*Dataset section*.
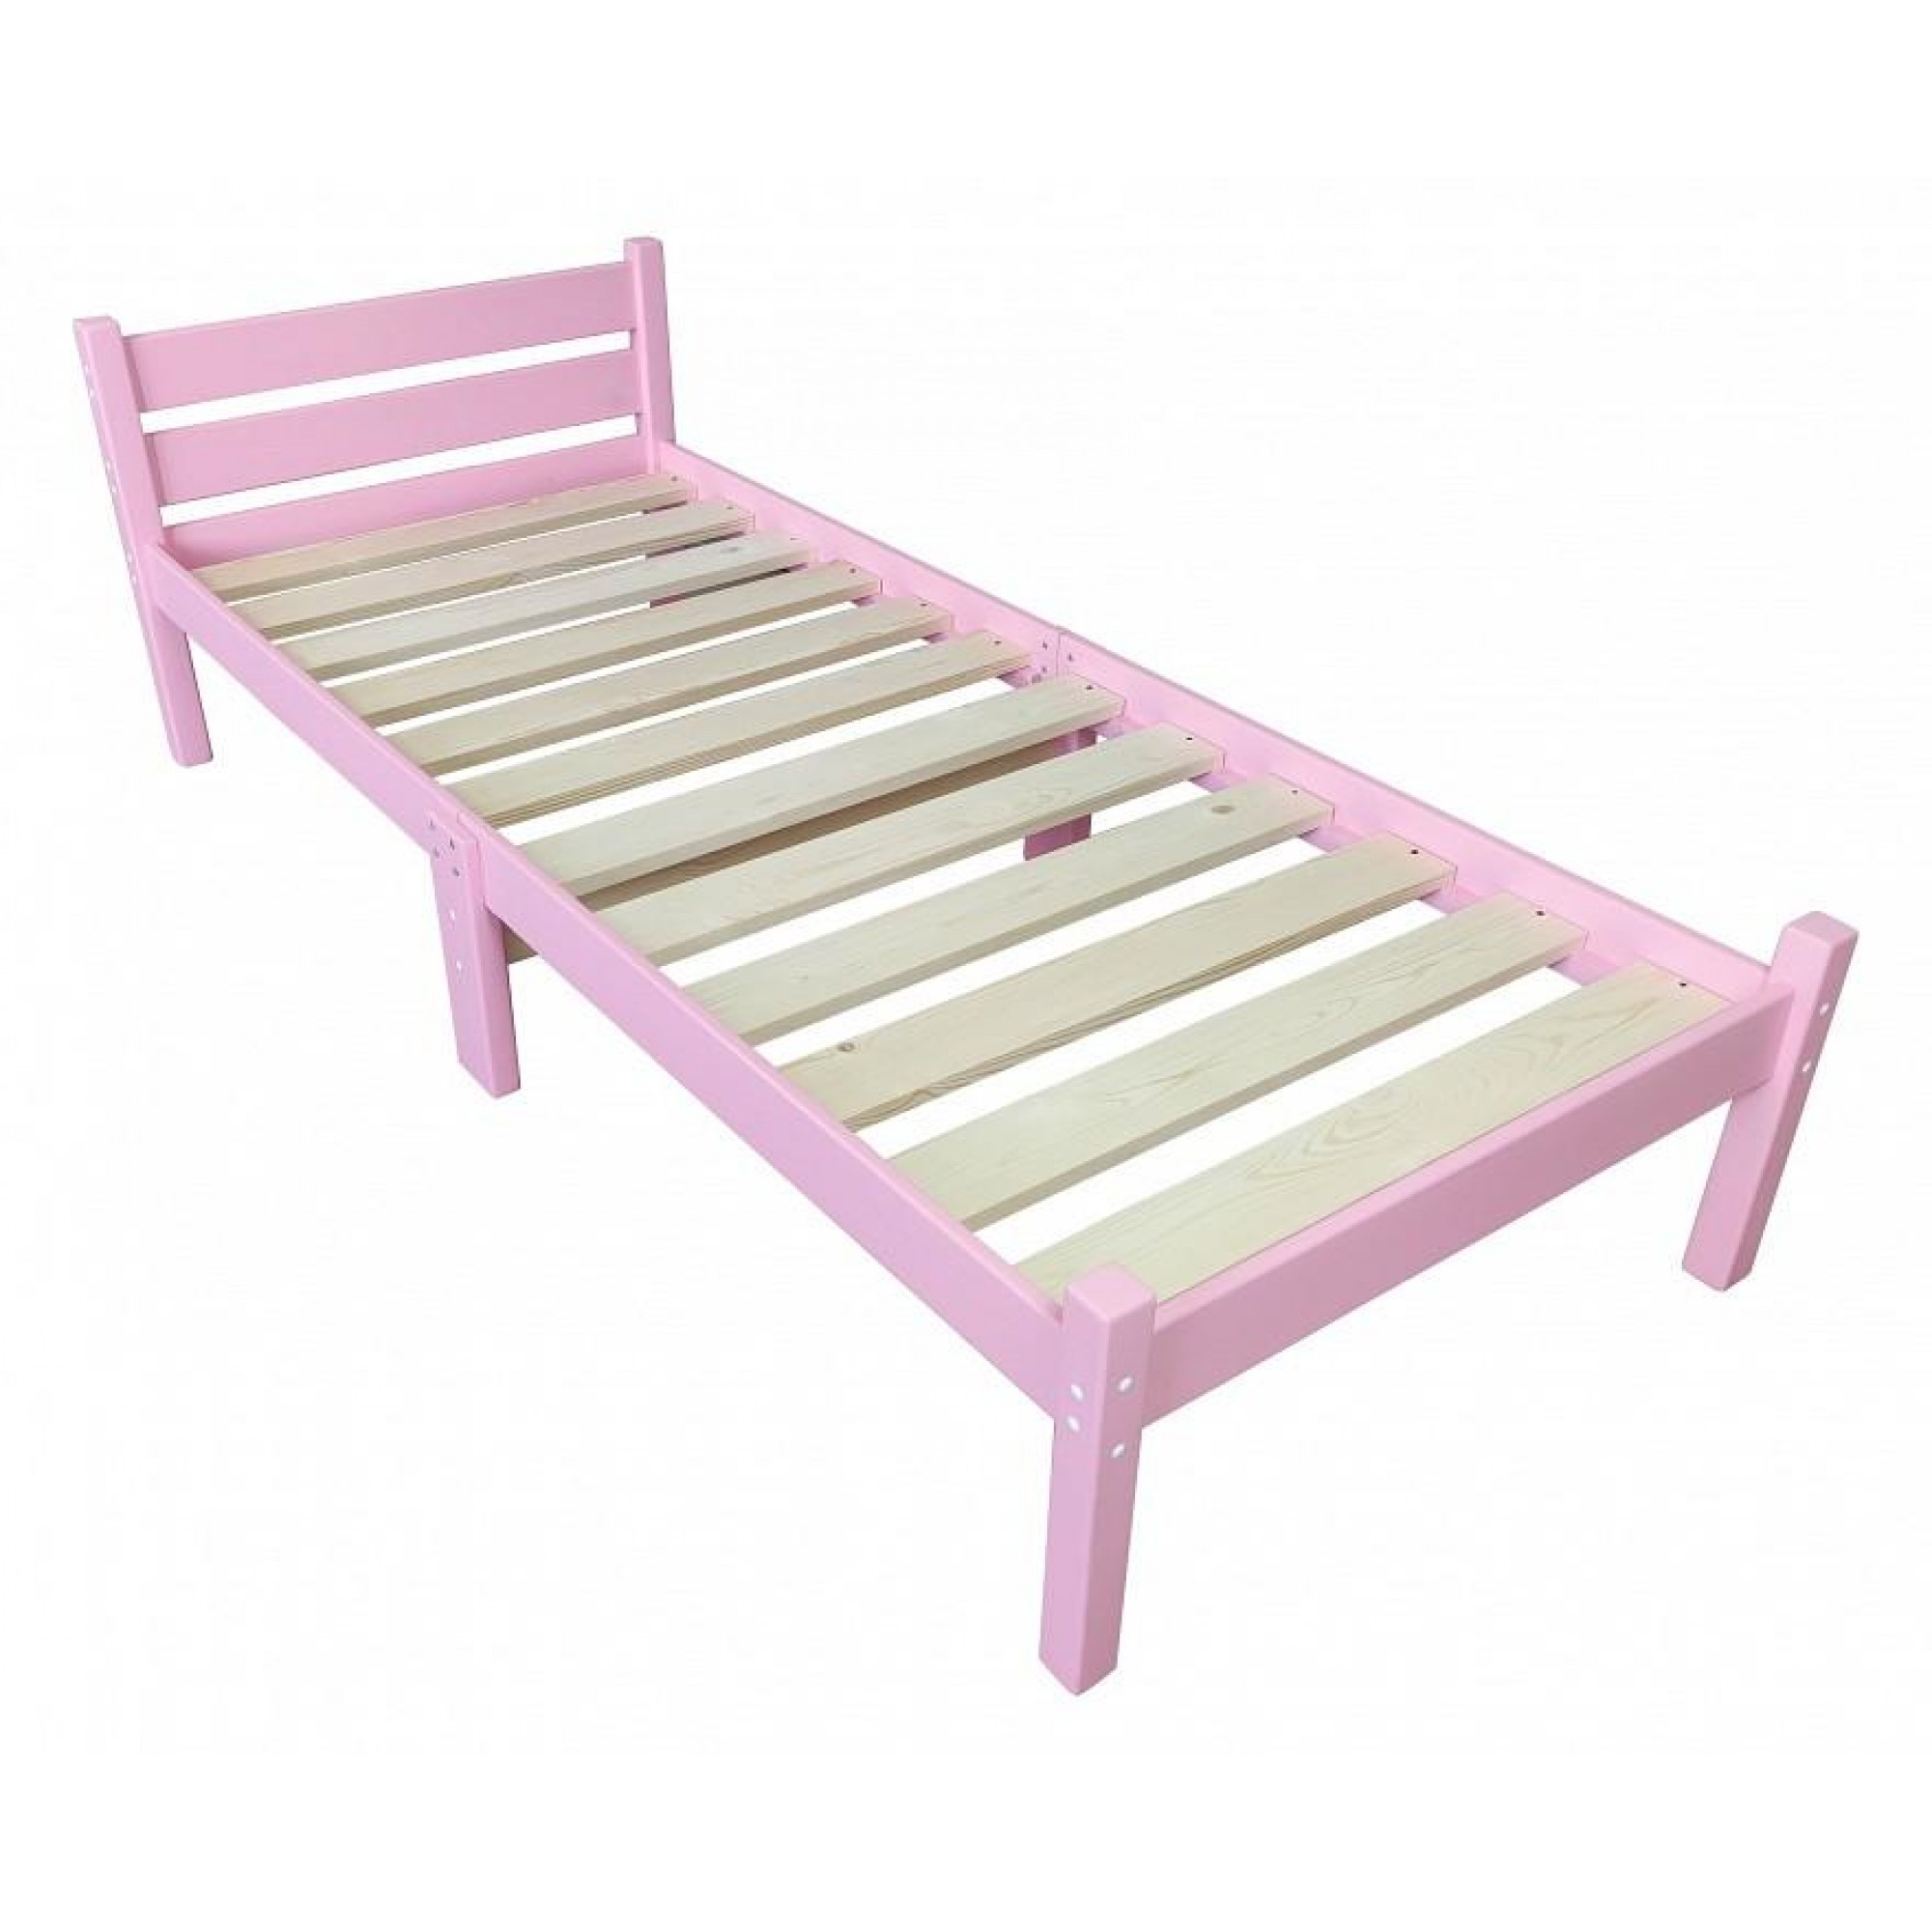 Кровать односпальная Компакт 2000x900 розовый    SLR_kompakt90roz
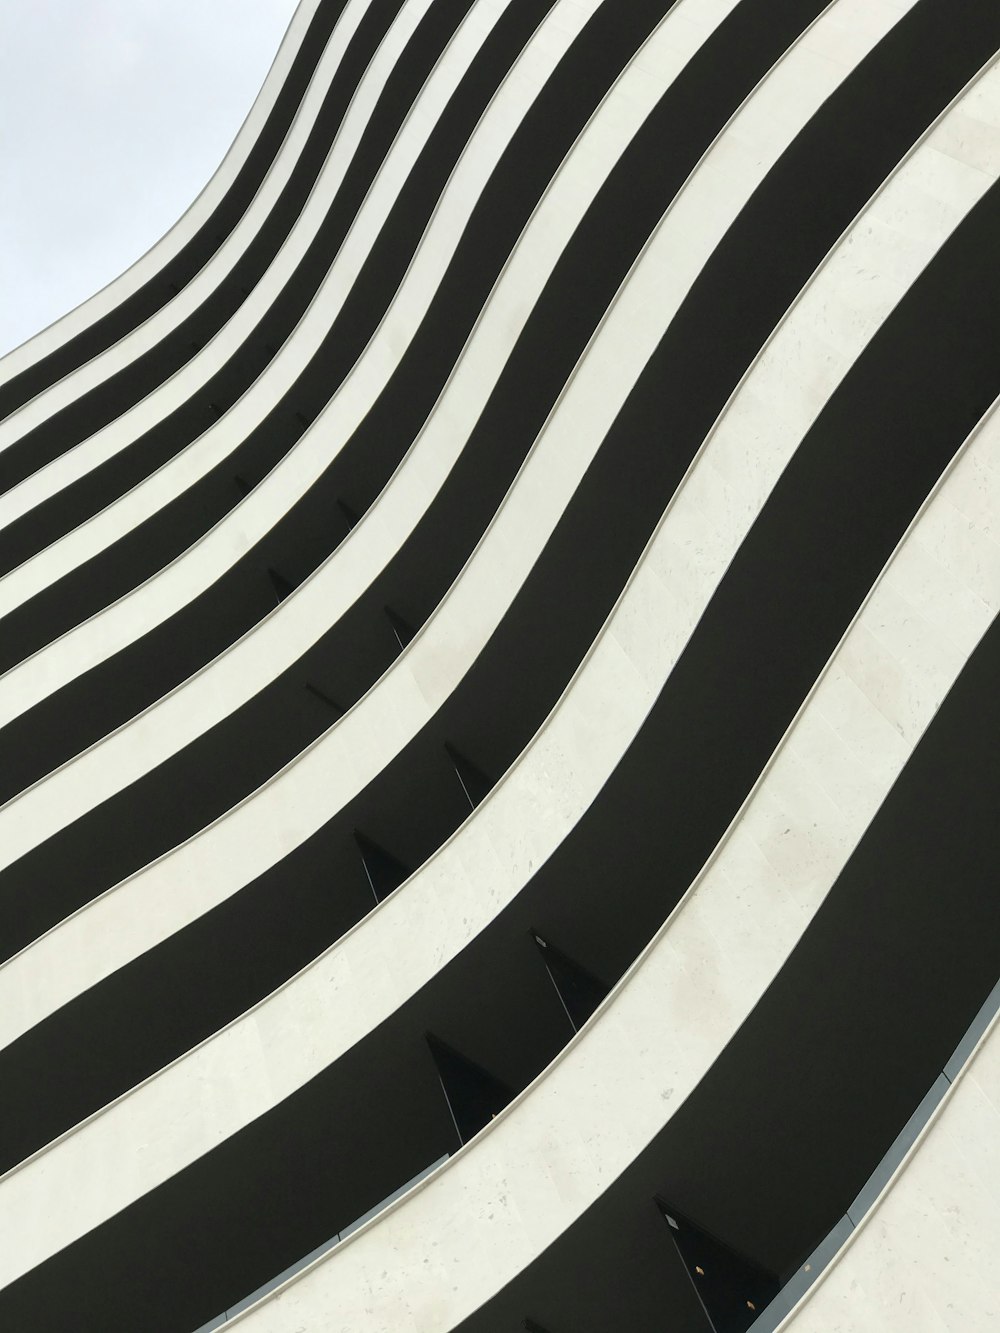 black and white striped concrete building
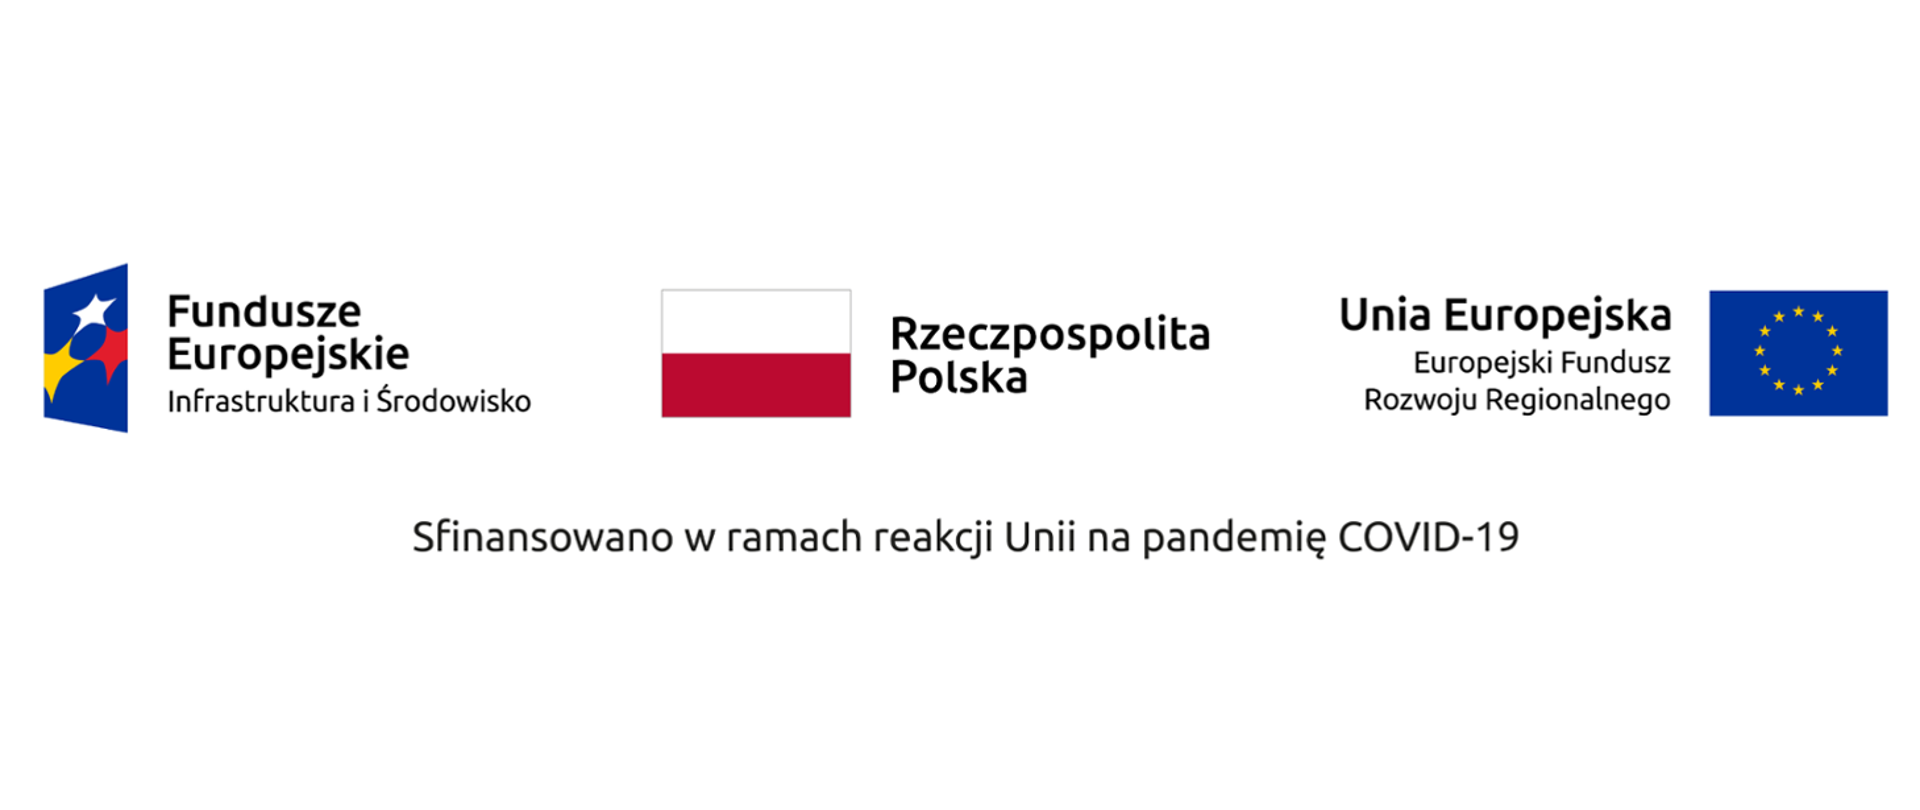 Na obrazie widoczne są logo Funduszy Europejskich Infrastruktury i Środowiska, biało czerwona flaga Rzeczpospolitej Polskiej, oraz niebieska flaga ze złotymi gwiazdamii Unii Europejskiej Europejskiego Fundusz Rozwoju Regionalnego. Poniżej znajduje się napis "Sfinansowano w ramach reakcji Unii na pandemię COVID-19".

*What you need to do*. Print the material word for word; images are to be left out.

*Result below*.
 Кровать односпальная Компакт 2000x900 розовый    SLR_kompakt90roz
 black and white striped concrete building
 Na obrazie widoczne są logo Funduszy Europejskich Infrastruktury i Środowiska, biało czerwona flaga Rzeczpospolitej Polskiej, oraz niebieska flaga ze złotymi gwiazdamii Unii Europejskiej Europejskiego Fundusz Rozwoju Regionalnego. Poniżej znajduje się napis "Sfinansowano w ramach reakcji Unii na pandemię COVID-19".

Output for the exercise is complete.